I turn 50 next April, so I'm probably thinking more about getting older than I usually do. Now, perhaps it's because I've got my health—did I mention I won my tennis league this year?—but most of my reflections on aging are genuinely happy ones. Just the other night, drinking a glass of scotch on the redeye home from Phoenix, I jotted these down—and present them in the order they came to me.
- Awkward conversations are only awkward. My teenage daughter is mortified after one. I tell her that when she's old like me she'll have had so many awkward conversations that she'll come not to take them personally, or panicky: Yes, this conversation is awkward. No, I don't know how long this is going to last, but I know I can do this for at least an hour before I pass out. No, I'm not sure whether I'll be able to smooth it out, or whether I'll have to excuse myself and climb out the bathroom window. In any case, I will survive.
- From root canals to fuckhead bosses, you've had enough bad stuff happen to you that in almost any situation, you can say with conviction earned from experience, "It could be so much worse."
- You no longer have to stew that you'll develop into an alcoholic when you're older. You either have, by now, or you haven't. Depending on whatever an "alcoholic" is, anyway.
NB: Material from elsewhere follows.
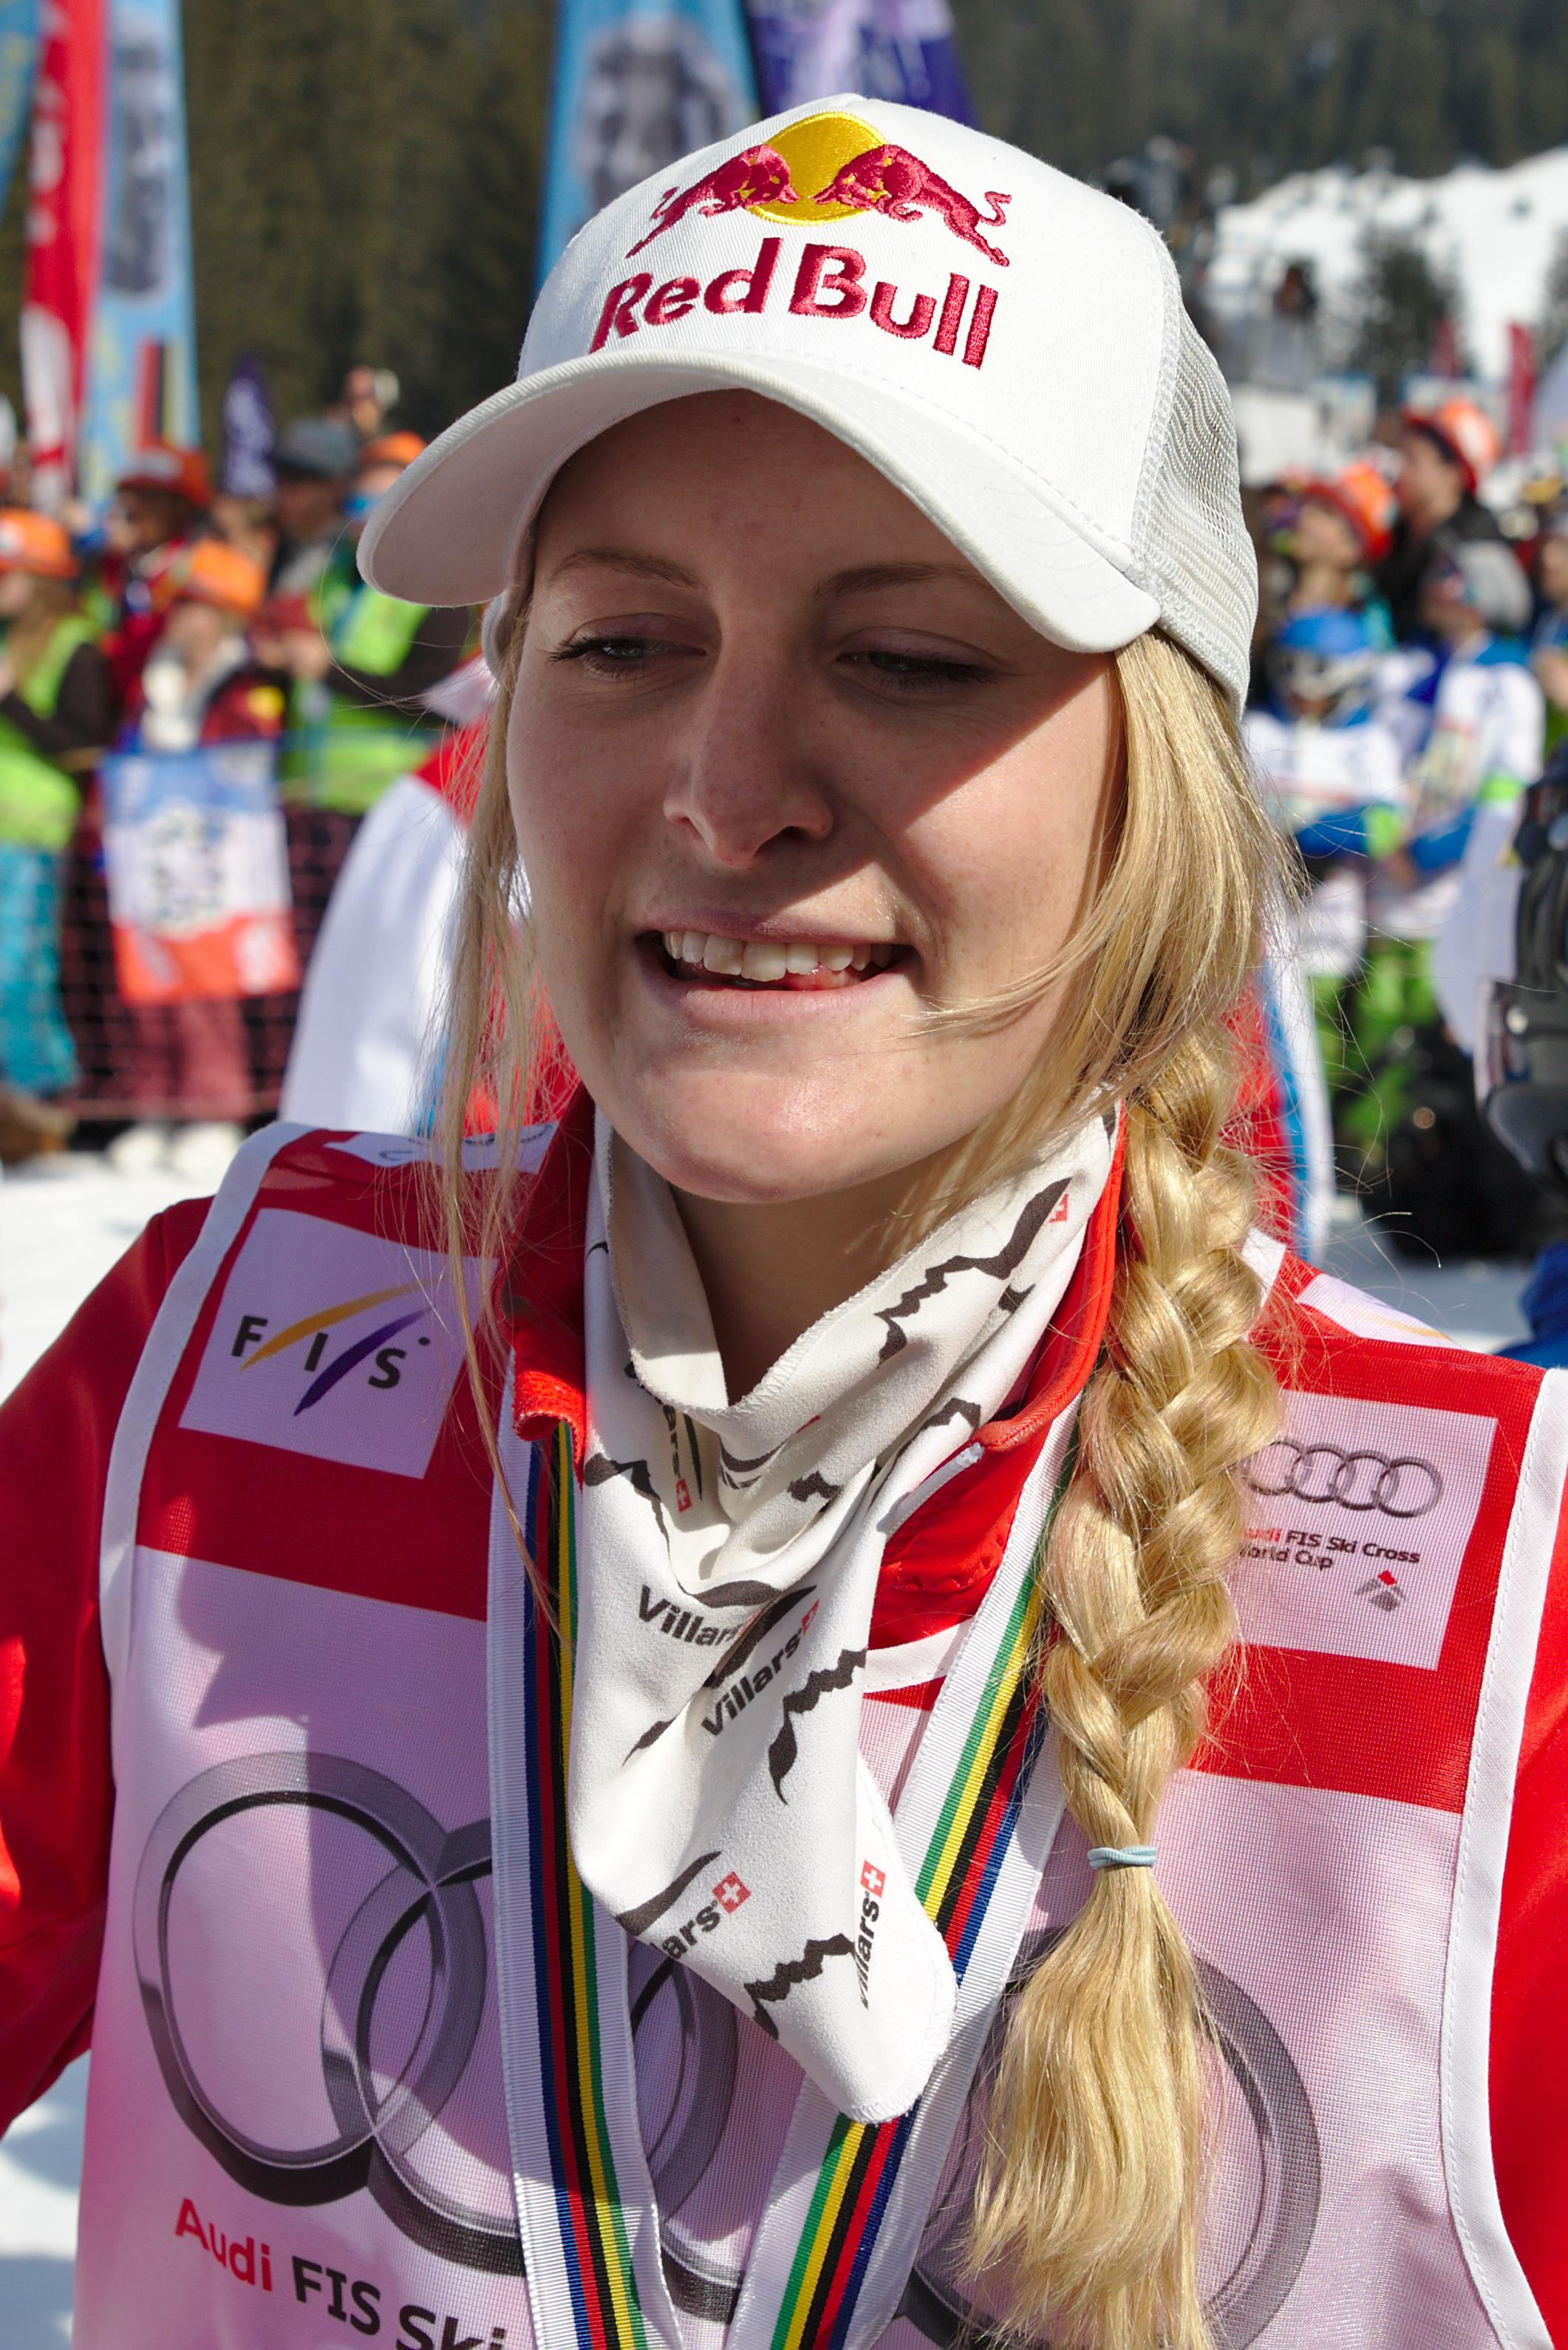 42 års racet File:FIS Ski Cross World Cup 2015 Finals   Megève   20150314  42 års racet

- You know how to recognize and actually enjoy the whole spectrum of humanity: loathsome, tolerable, agreeable and gorgeous.
- You know an affordable hotel in New York and an expensive steakhouse in Phoenix. #janehotel #durant's
- You don't waste money you don't have on fancy sunglasses.
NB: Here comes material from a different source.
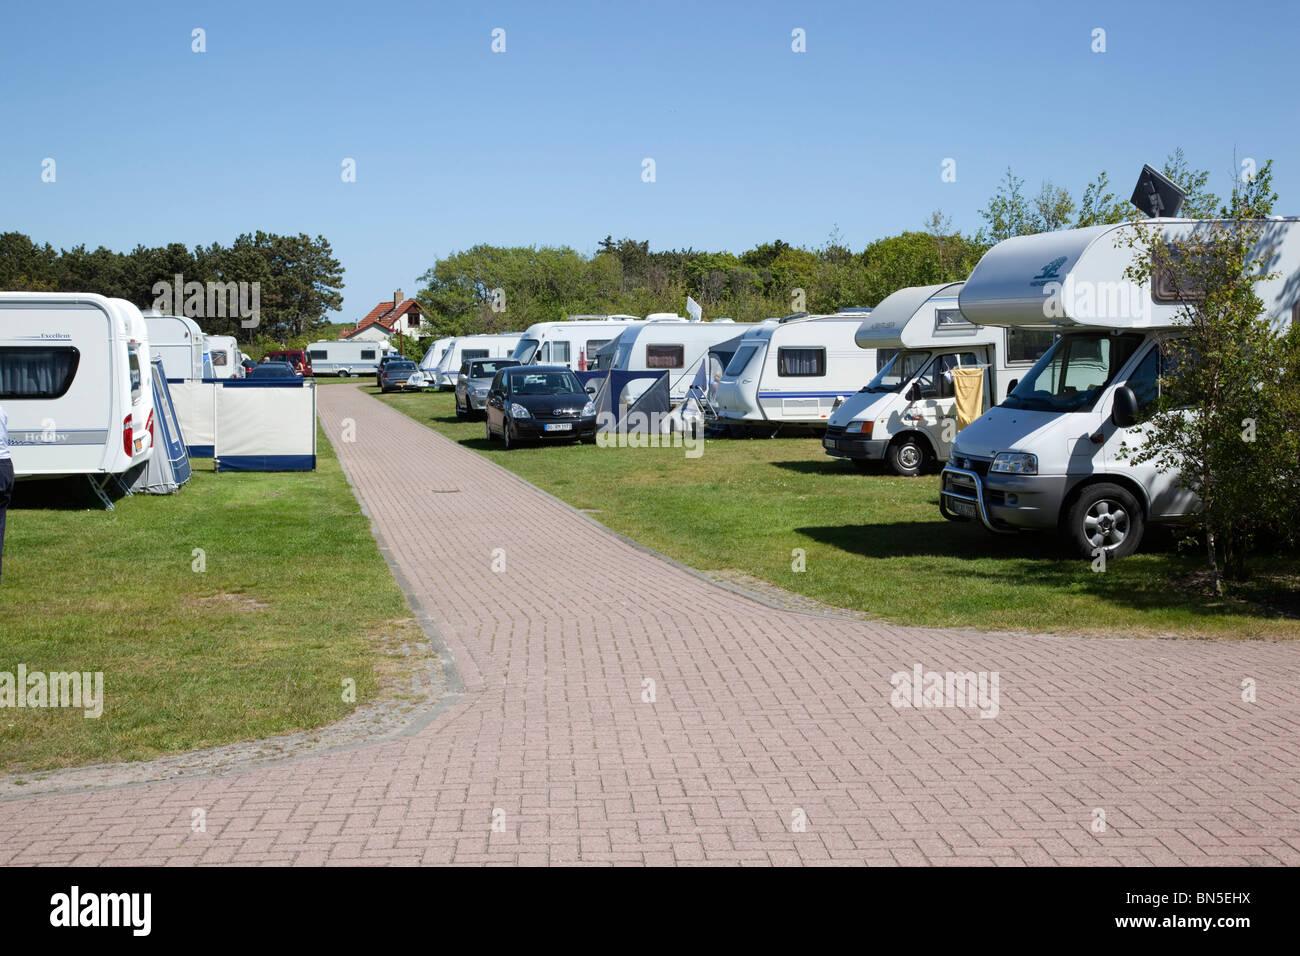 De Shelter campsite; De Koog; Texel; Netherlands - Stock Image

- You have a fucking story for everything.
- You know how to act at funerals. (Remember how bad that was when you were young and before you had mourned anyone yourself?)
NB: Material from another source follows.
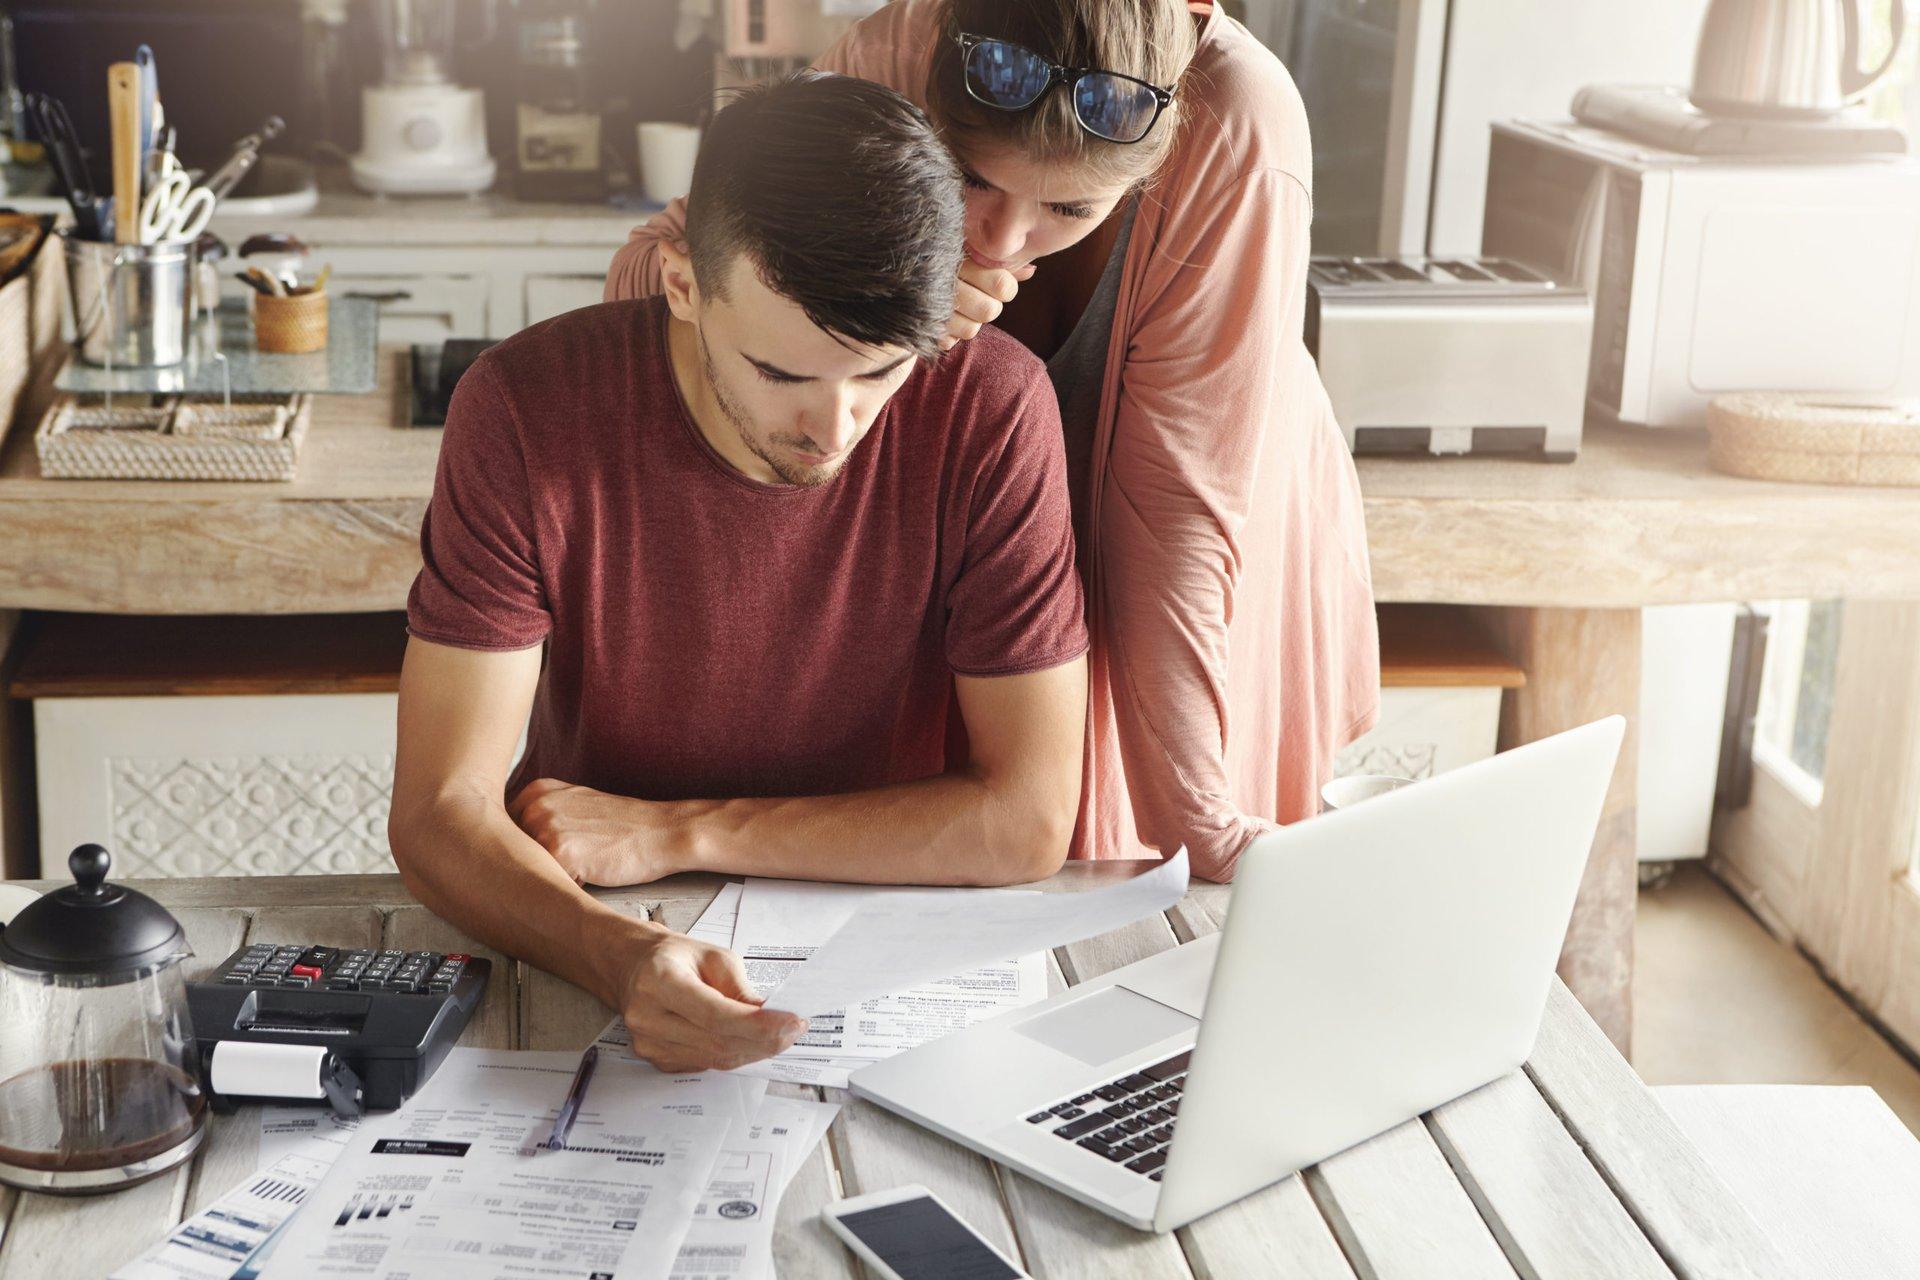 Couple preparing their tax returns

- Everyone you know is old too, so no goddamn conversations about the meaning of life and very few about the environment either.
At that point, I closed my notebook, put my tray table into the upright and locked position and drifted off to sleep for the duration of the flight.
I consider this list a thought starter—for me, and for you—to celebrate ways in which the lives of older people are more comfortable, meaningful, sane, serene and pleasurable than those of the frenzied young.
Please use the comments section to register your own.
(ADDED LATER):
10. Nicknames. When you're 29 and you call someone named Ryan "Rye," someone will tell you quietly, "He doesn't go by 'Rye,' and you'll stop calling him that." When you're fifty and someone tells you Ryan doesn't go by "Rye," you'll say, "Well, that's what I call him," and you'll go on without another thought. (And Ryan will cheerfully agree, "Yep, Dave calls me Rye. He's the only one!")
Jeff Herrington says
Passing gas seems less disgusting than when you were young. In public, most of the people around you are doing it involuntarily as well.
Inside one’s home, it settles into the list of other personal noises one makes, like sneezing, coughing and clearing one’s throat. Something that is really only irritating if done frequently or repeatedly.
Not that I would know any of this, of course. It’s what I’ve been told. By people who are old.